- Venue: Chicago, United States
- Dates: September 24
- Competitors: 4053

Champions
- Men: Mark Stanforth (2:19:20)
- Women: Lynae Larson (2:59:25)

= 1978 Chicago Marathon =

American marathon

The 1978 Chicago Marathon (also known as the Mayor Daley Marathon) was the second running of the annual marathon race in Chicago, United States and was held on September 24. The elite men's and women's races were won by Americans Mark Stanforth (2:19:20) and Lynae Larson (2:59:25). The race was run in temperatures at times above 80 F, which caused hundreds of competitors to need medical attention.

==Background==
The entry for the 1978 race was increased from $5 the previous year to $10, making it the most expensive US marathon race to enter at the time. The money covered the race organizer's cost of between $200,000 and $250,000 for the race. He had lost $65,000 from the 1977 event. The winners received no prize money, which was not introduced until 1982.
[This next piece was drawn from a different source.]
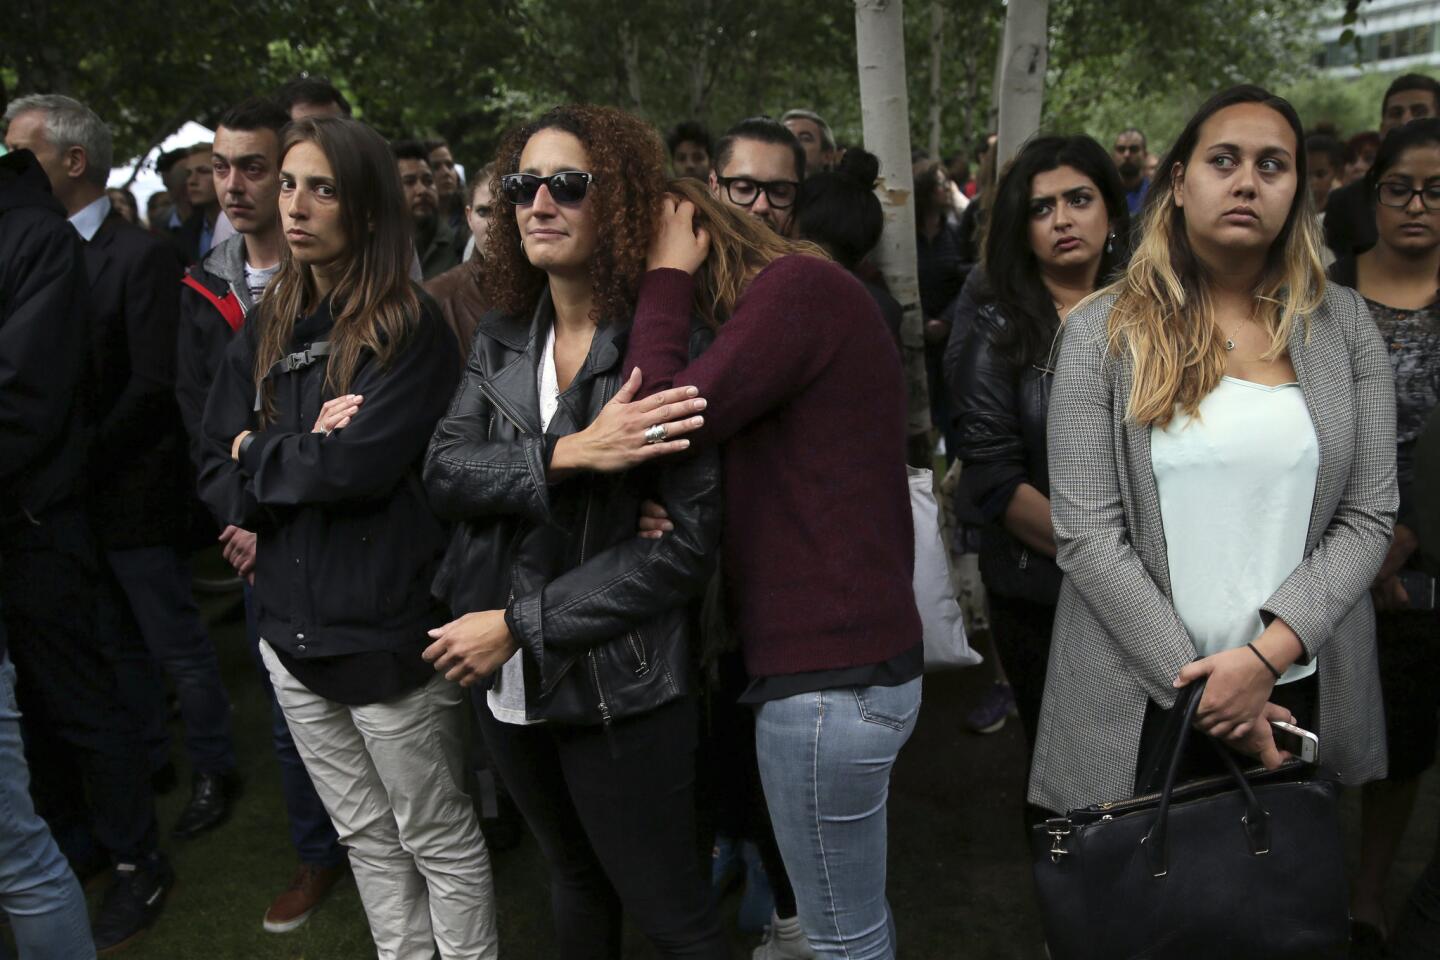 People attend a vigil for victims of Saturday's attack at Potters Fields Park in London on Monday.

The start time for the race was 10:30 am, which was 2.5 hours later than the previous year; originally, the proposed start time had been noon, but this was changed after consultation with competitors and the Chicago Area Runners Association. Reasons given for the change included so that more out-of-town competitors could attend, and so to attract more spectators. Many competitors objected to this change, citing issues with the potential for high temperatures, and the medical doctor from the 1977 event also criticized the decision to change the start time. Some competitors wore black armbands to protest the decision.

==Race summary==
The race was run in a peak temperature of over 80 F, and as a result, hundreds of competitors needed medical attention, and 10 people were hospitalized. Chicago mayor Michael Anthony Bilandic blamed the lack of fitness of competitors for the health issues. It was estimated that between 9,000 and 10,000 people started the race; the youngest starter was eight years old, and the oldest starters were around 70 years old. Anyone was able to sign up for the event, unlike in the Boston Marathon where competitors had to have previously achieved a qualifying time. The race had two start lines, which allowed competitors to spread out more easily. A total of 4053 runners finished the race, a near doubling from the previous year.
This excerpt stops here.